1 Introduction

Ladies and gentlemen, It’s a pleasure and an honour for me to speak here before such a distinguished audience.

Remember to look up at the stars and not down at your feet. This was advice from Stephen Hawking, the famous English physicist and author of numerous books on the cosmos. And who would want to contradict the genius?

So today I invite you to join me on a stargazing tour. If you don’t have a telescope with you, no worries. However, I should add a disclaimer here: When a couple look up at the stars, things could get romantic. When astronomers observe the stars, impressive images can come into view. When economists talk about stars, it usually gets complicated. Now you know what you’re getting into! 

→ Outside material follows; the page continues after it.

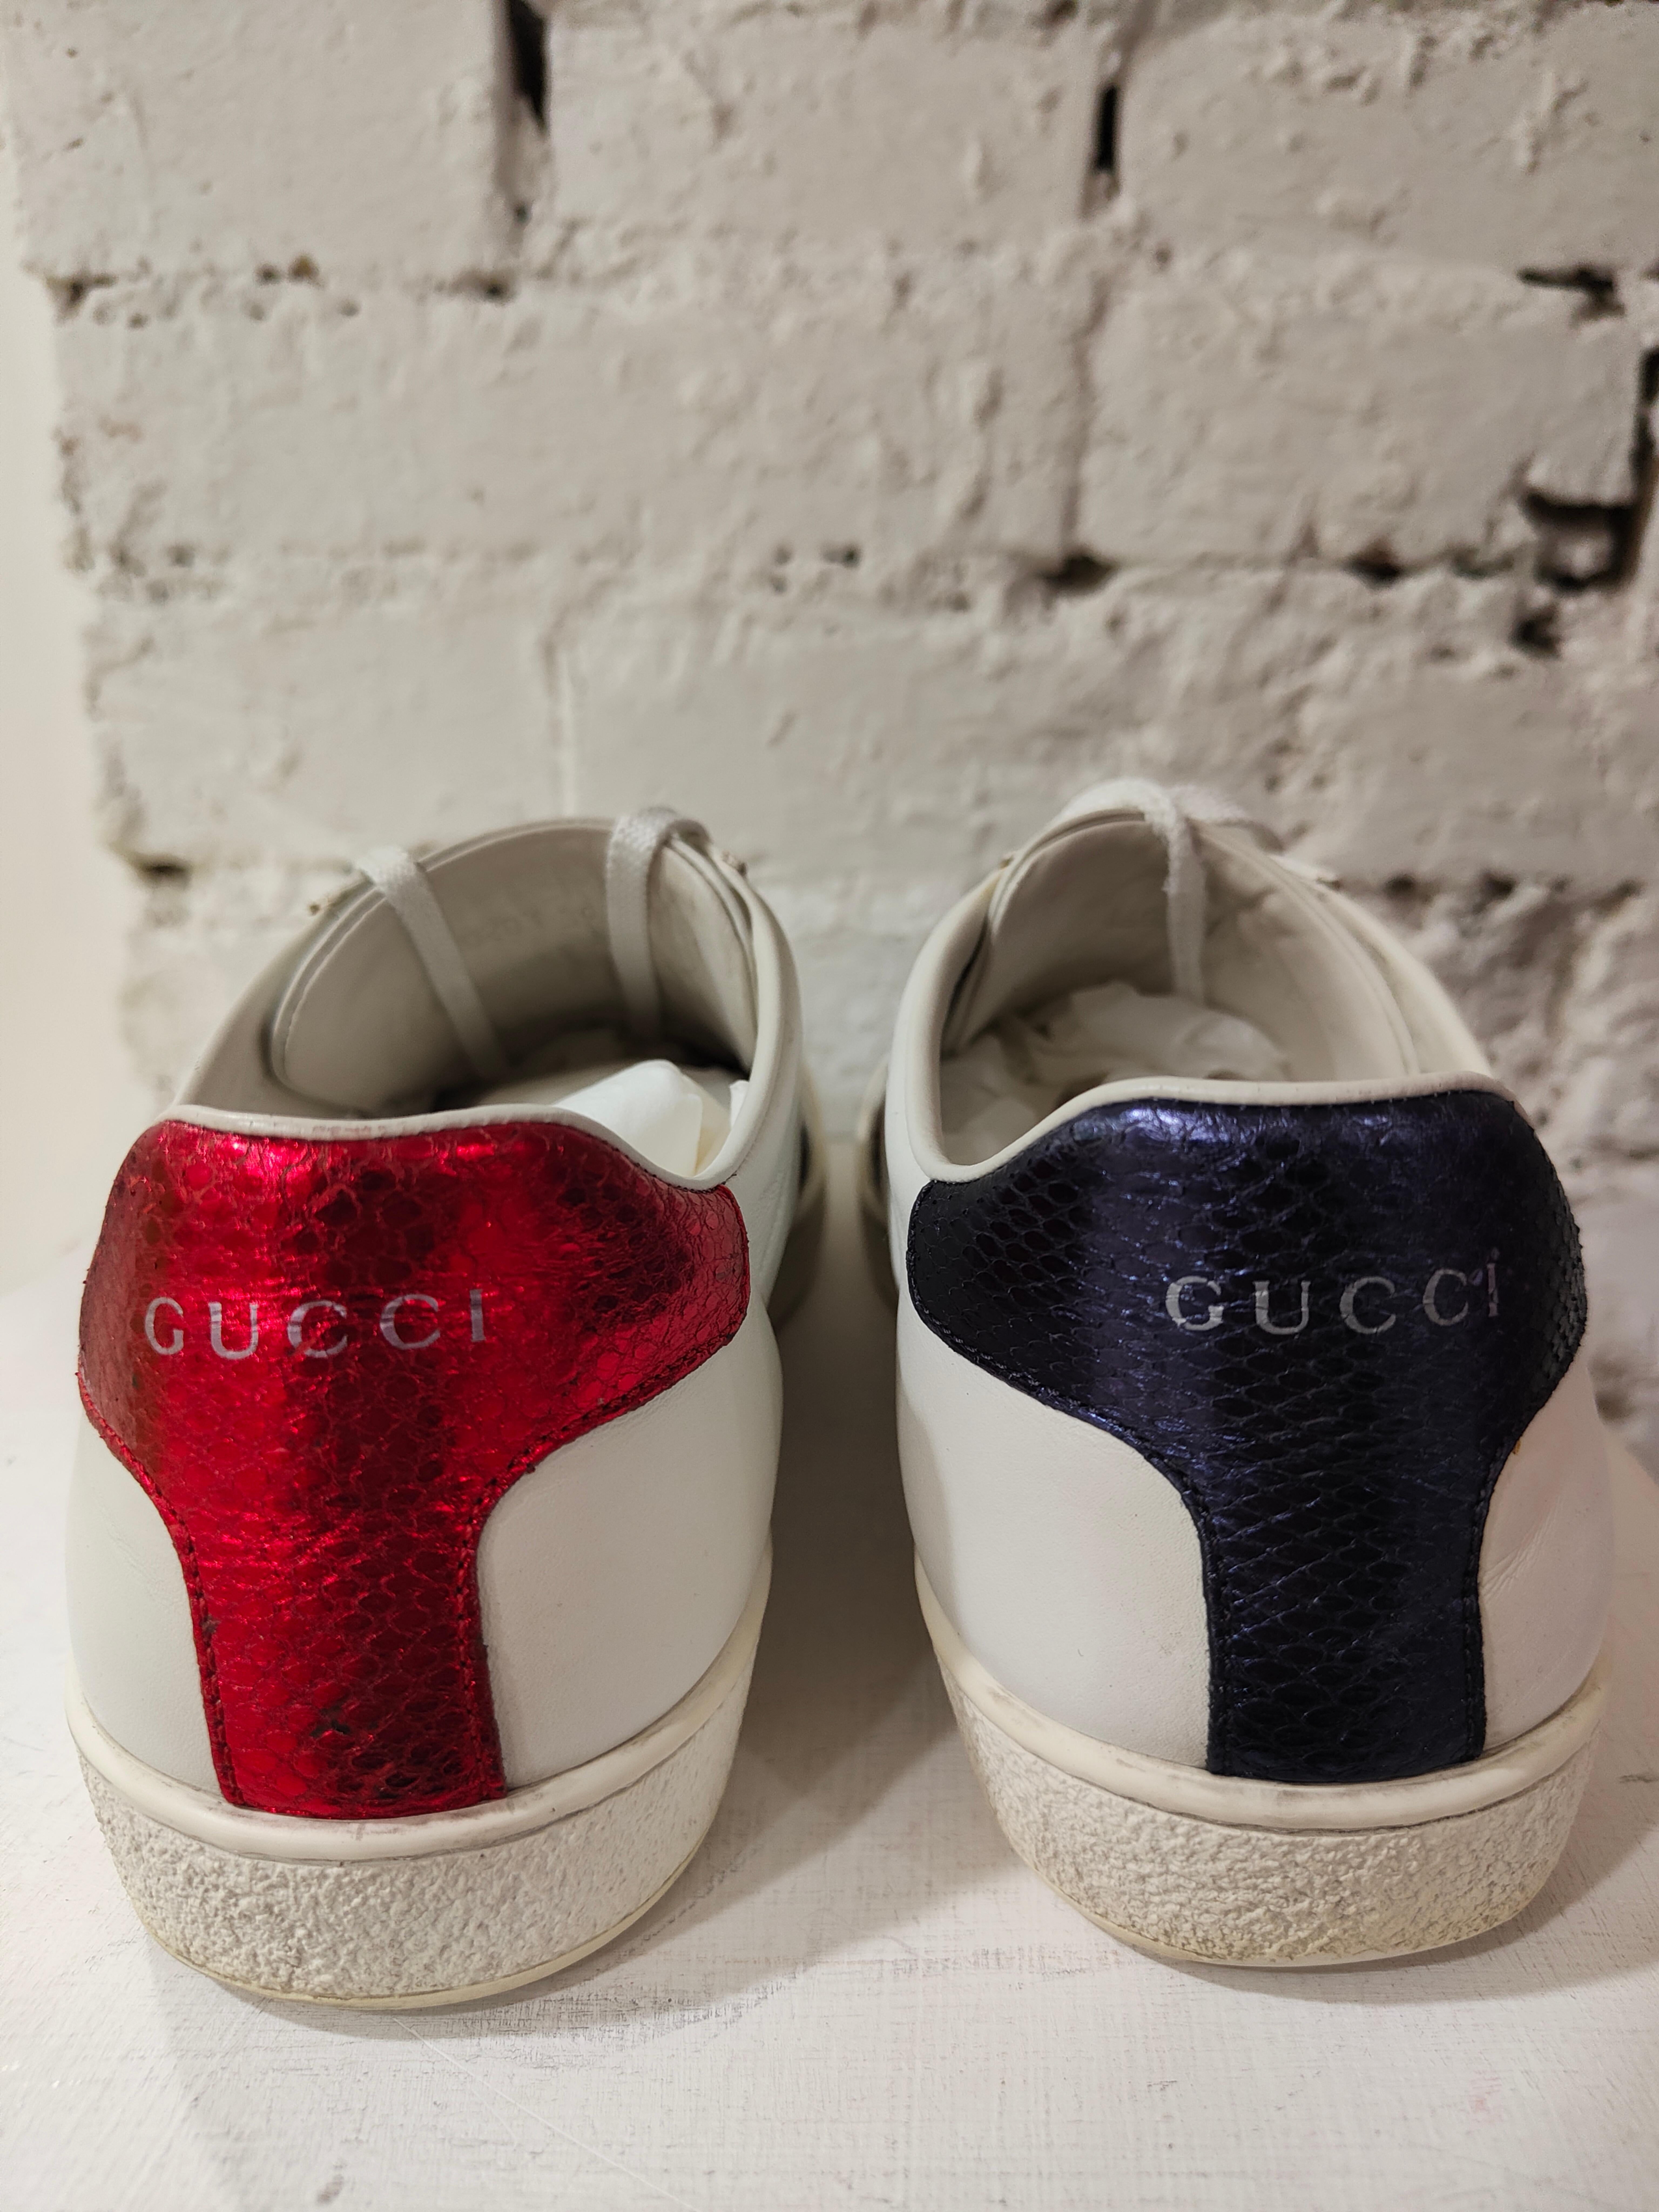 Gucci white leather red and blue patterns sneakers 
snakes with swarovski stones
totaqlly made in italy
size 39

I’m sure you’ve already guessed what topic I have in mind: the natural rate of interest – also known as r-star. It is a concept that economists have been grappling with for more than 125 years.[1] And it has perhaps never received more attention than in the current era of monetary policy.

From a central banker’s perspective, I would like to discuss what role r-star can and should play in the monetary policy universe. I will structure my lecture around four key questions: What is r-star and why is it of interest for monetary policy? How have estimates for r-star evolved over the past decades? What drives uncertainty about current estimates and the future evolution of r-star? What conclusions should monetary policy draw from this?

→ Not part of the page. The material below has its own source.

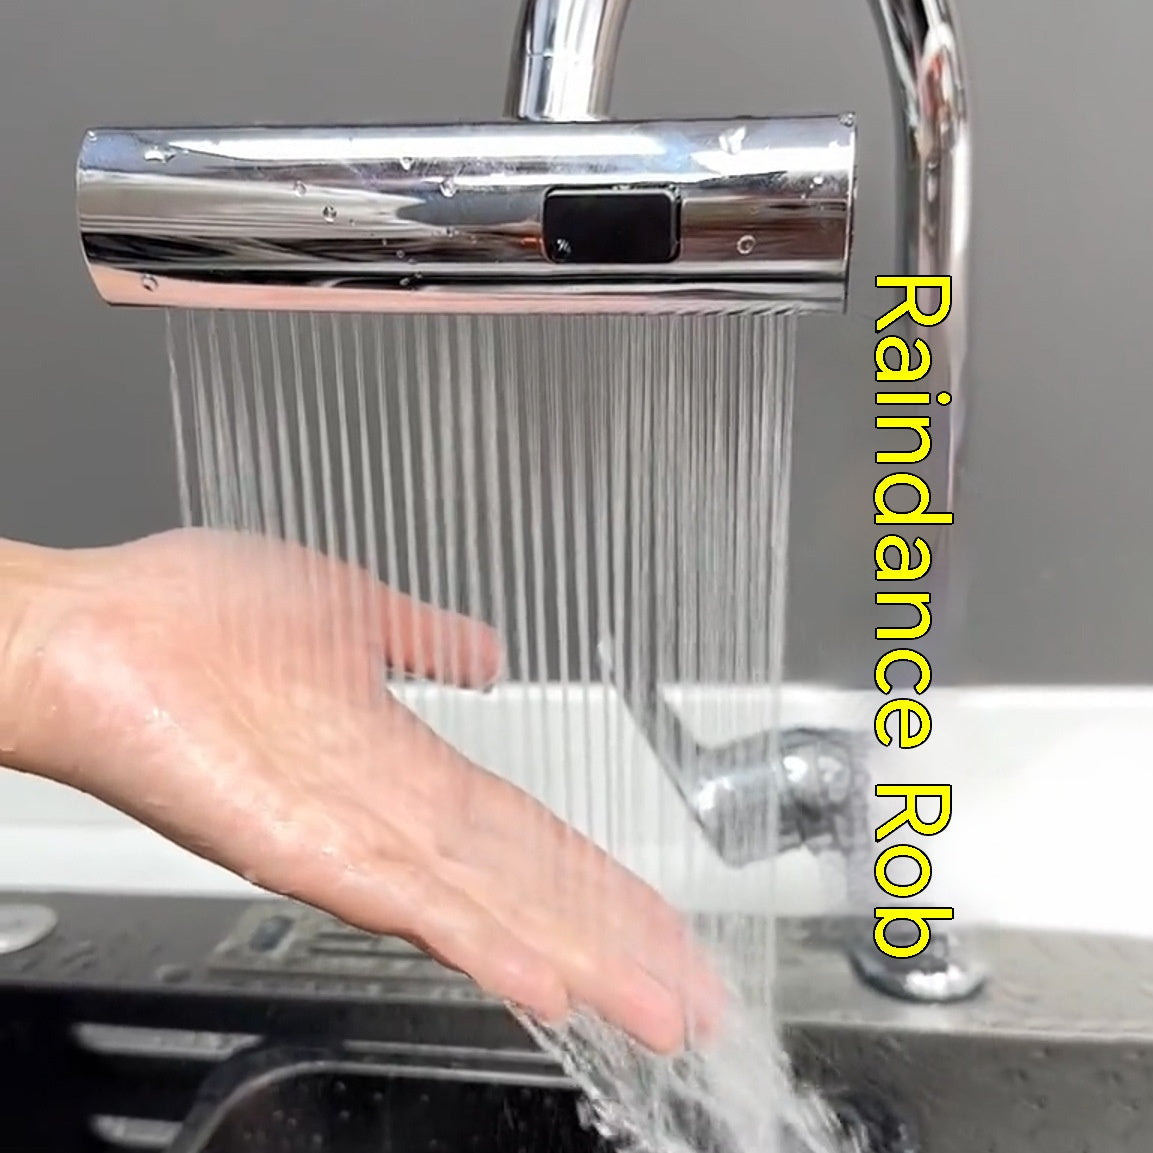 Waterfall  Faucet Connector 3-in-1

2 Definition of r-star and use for monetary policy

Let’s start with the definition. The natural rate is the real interest rate that would prevail if the economy were operating at its potential and prices were stable. R-star is commonly thought to be driven by real forces that structurally affect the balance between saving and investment. Think of technological progress and demographics, for example. This also means that r-star should, by definition, be independent of monetary policy. The latter follows from the widely held belief that monetary policy can affect real variables only temporarily, but is neutral in the long term.

At first glance, the natural rate could be a guiding star for the conduct of monetary policy. If a central bank sets its policy rates so that the real interest rate is above r-star, monetary policy is restrictive or “tight”. Consequently, economic activity slows and the inflation rate should decrease. If the real rate is below r-star, monetary policy is expansionary or “loose”. It provides incentives for consumers to purchase more and for enterprises to step up investment and output. Hence, this should result in more economic activity and a higher inflation rate.

However, the idea of the natural rate serving as a guiding star for monetary policy comes with profound challenges. Perhaps the name r-star evokes associations with astronomy and navigation. But these would be misleading. If r-star were like a star in the sky, it would be relatively easy to locate. Stars emit light and are therefore observable.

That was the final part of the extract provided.